## Work required
From the line containing "Thermal Blackout Ready" through the last line of the data, both ends included, write out every line exactly; omit the pictures.

## Data excerpt
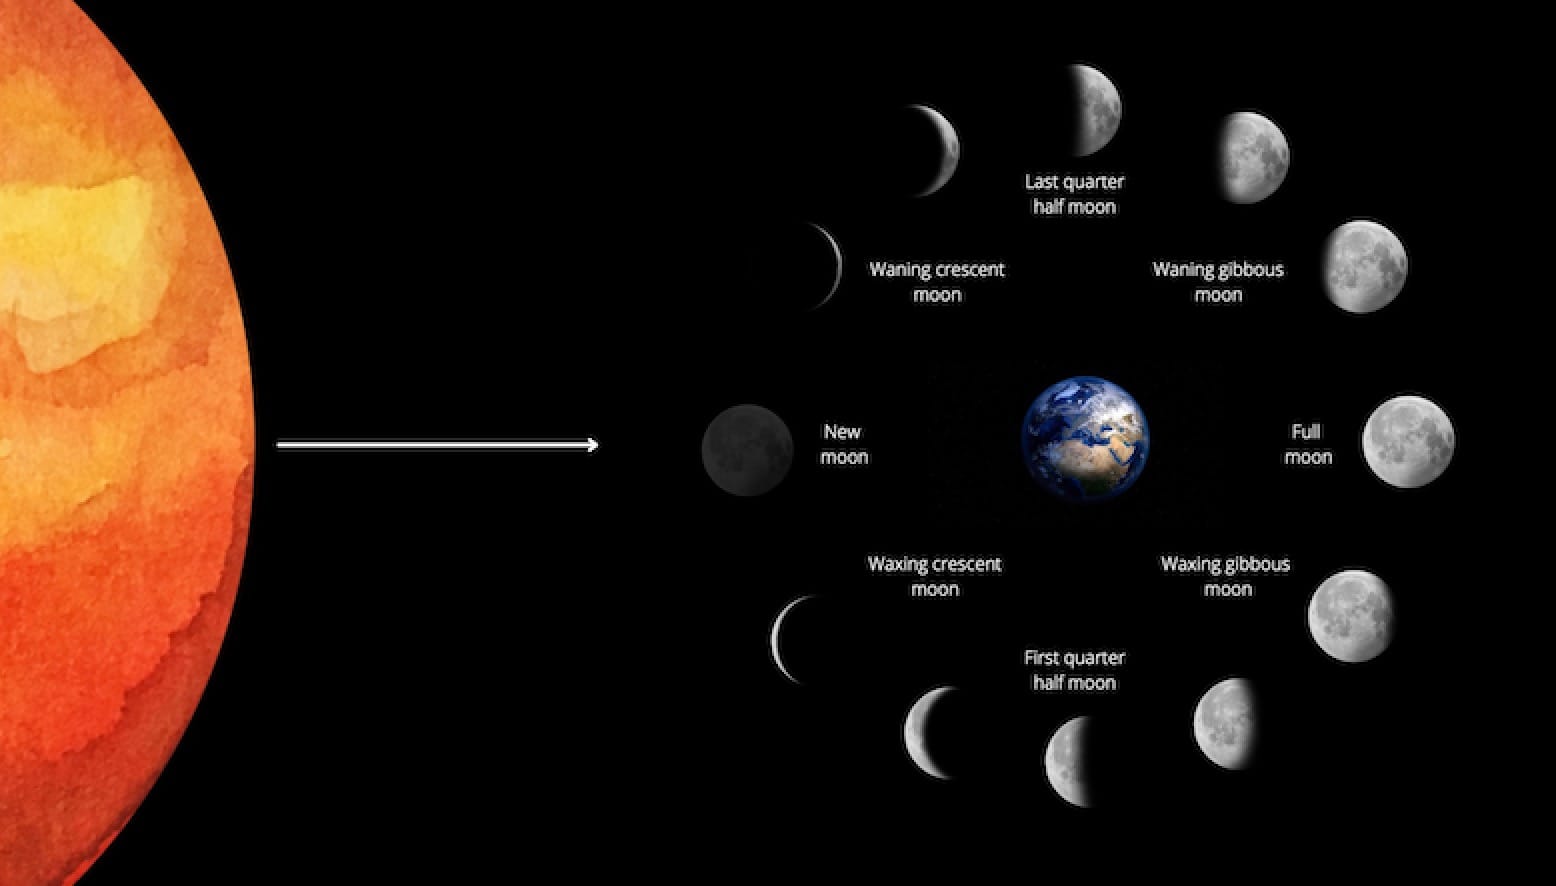 Galileo, and the phases of Venus and the moon.
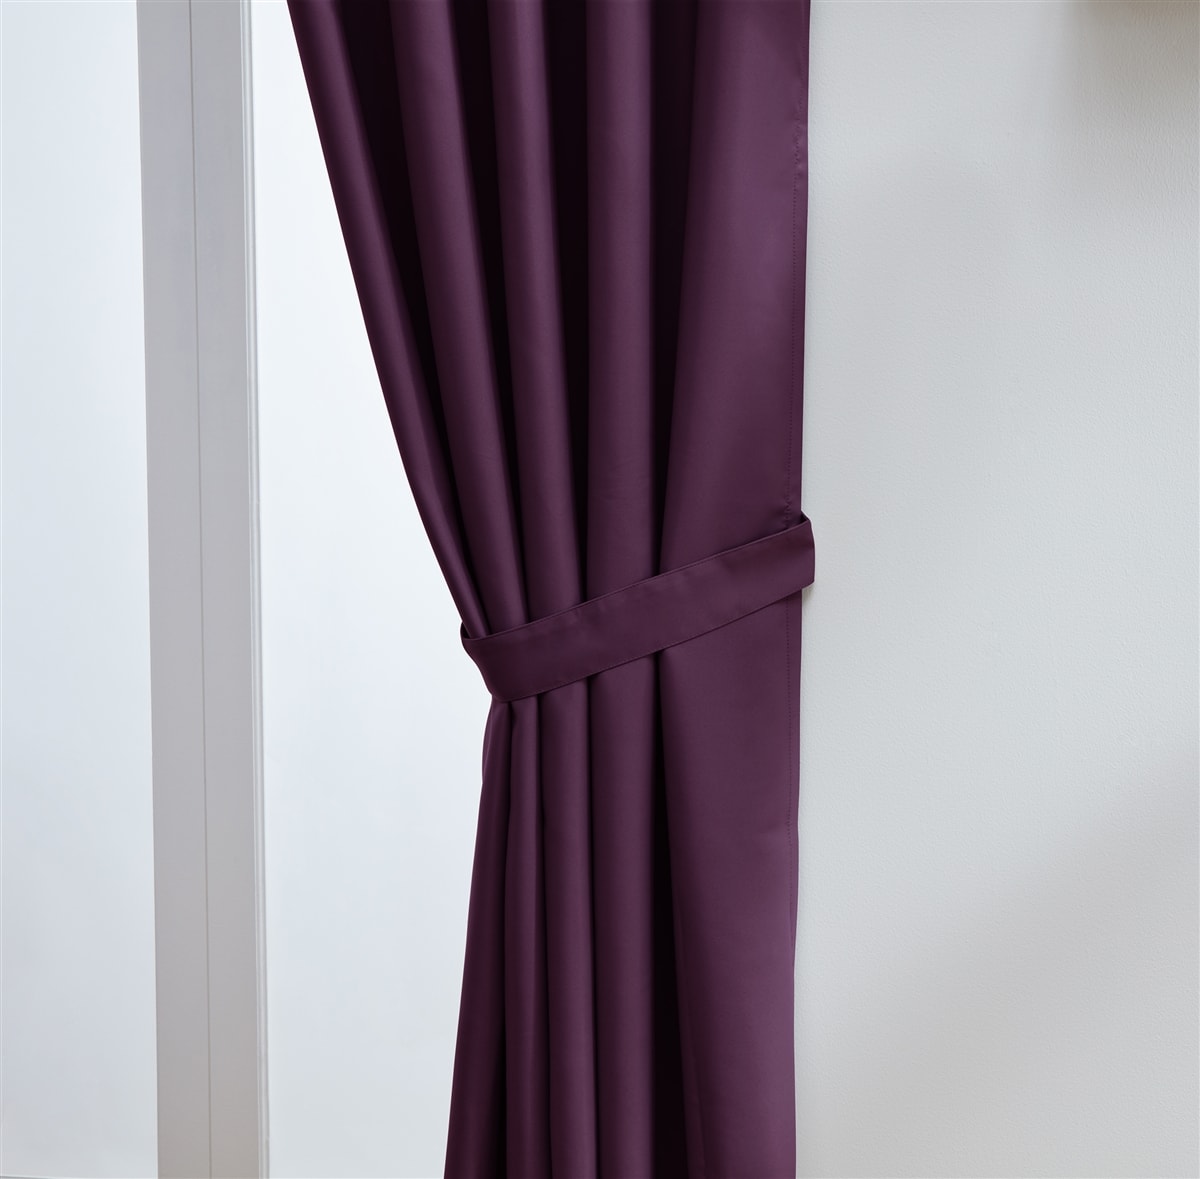 Thermal Blackout Ready Made Eyelet Curtains + Tie Backs (Aubergine)
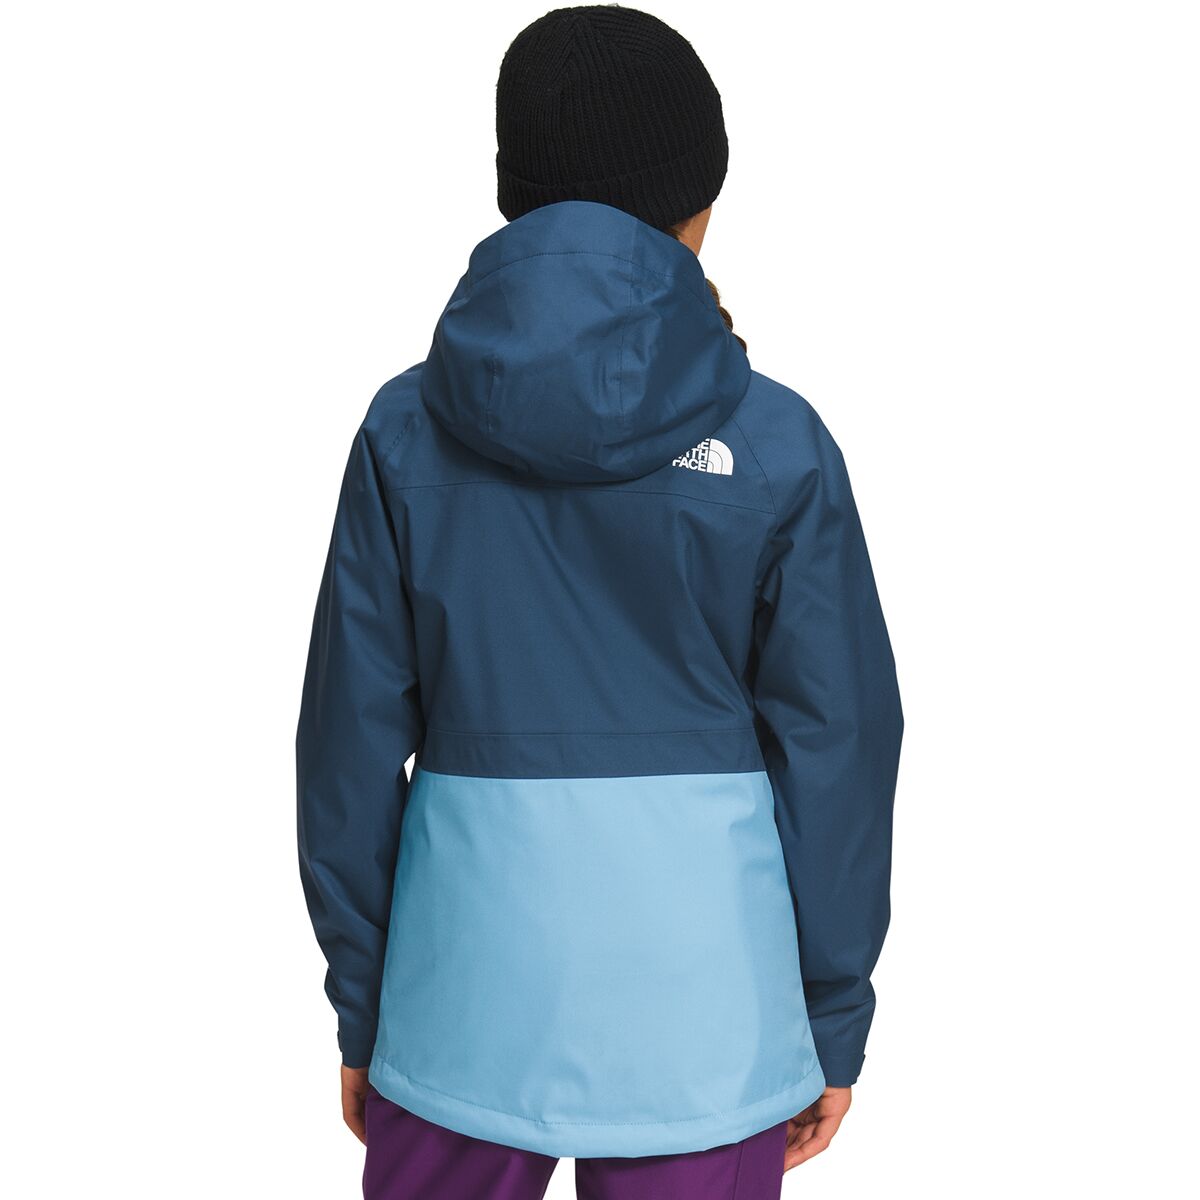 The North Face Vortex Triclimate Jacket - Girls' - Kids
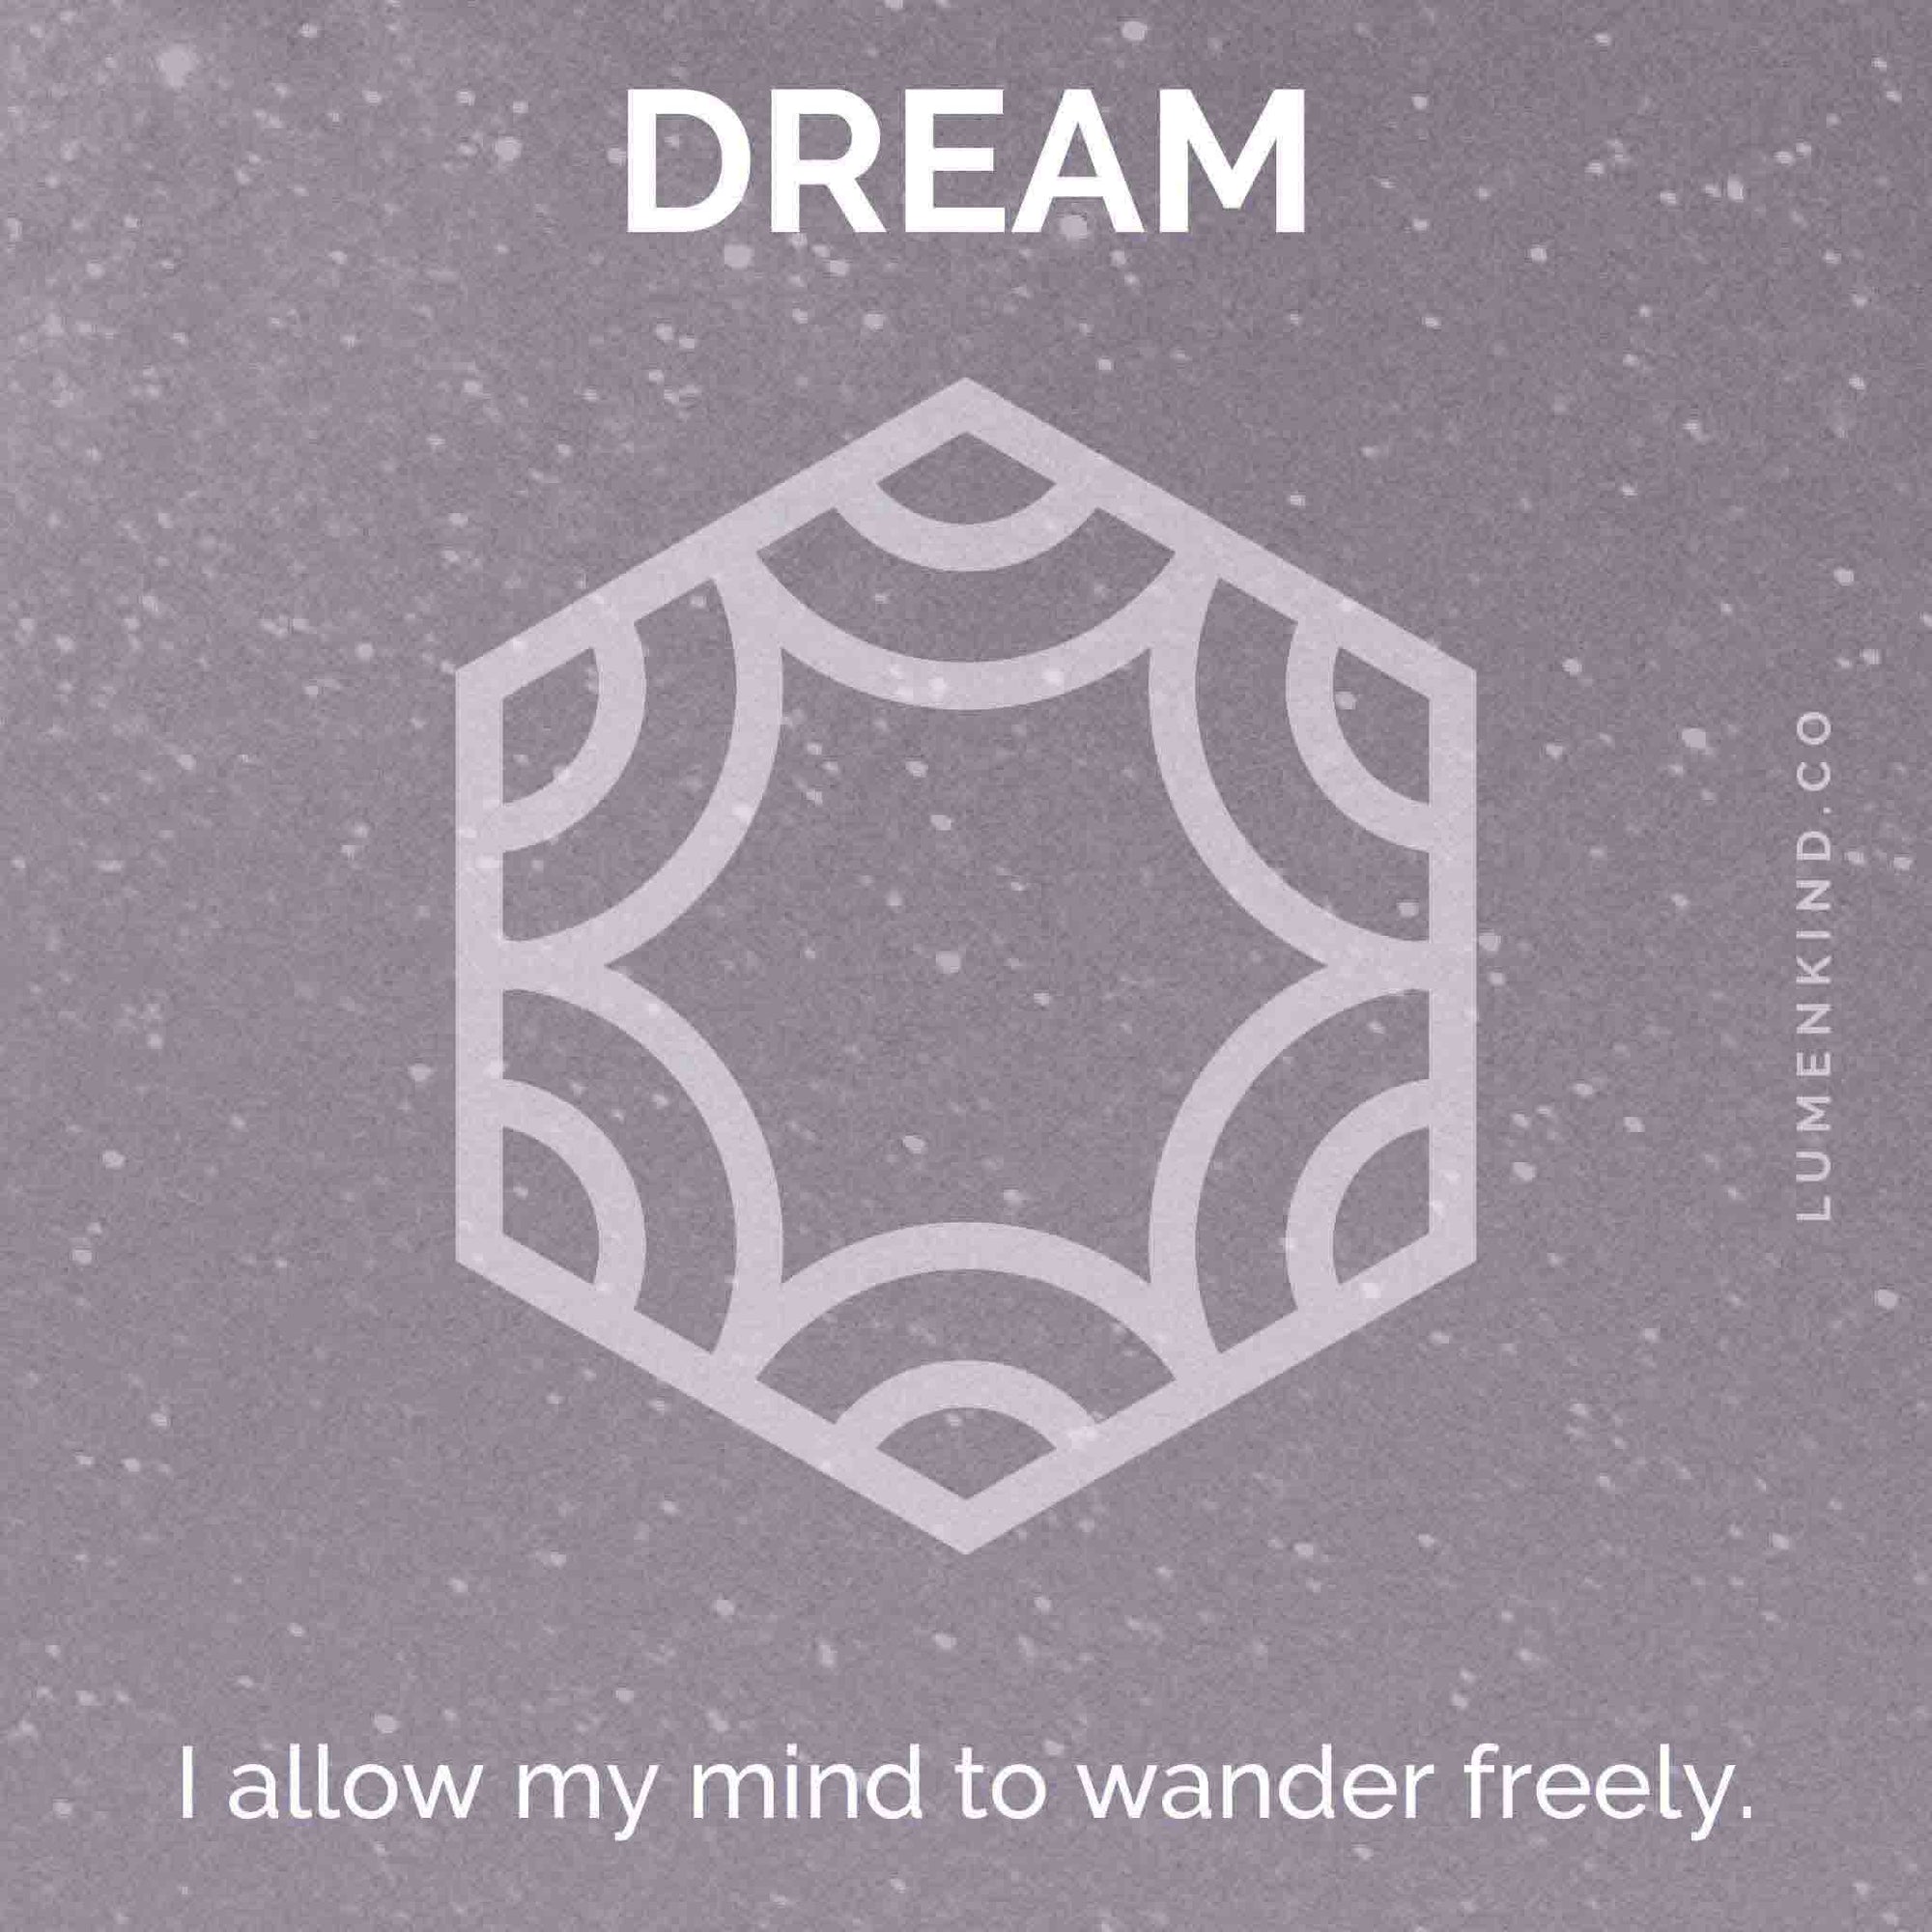 The suggested intention is DREAM. I allow my mind to wander freely.

## Answer
 Thermal Blackout Ready Made Eyelet Curtains + Tie Backs (Aubergine)
 The North Face Vortex Triclimate Jacket - Girls' - Kids
 The suggested intention is DREAM. I allow my mind to wander freely.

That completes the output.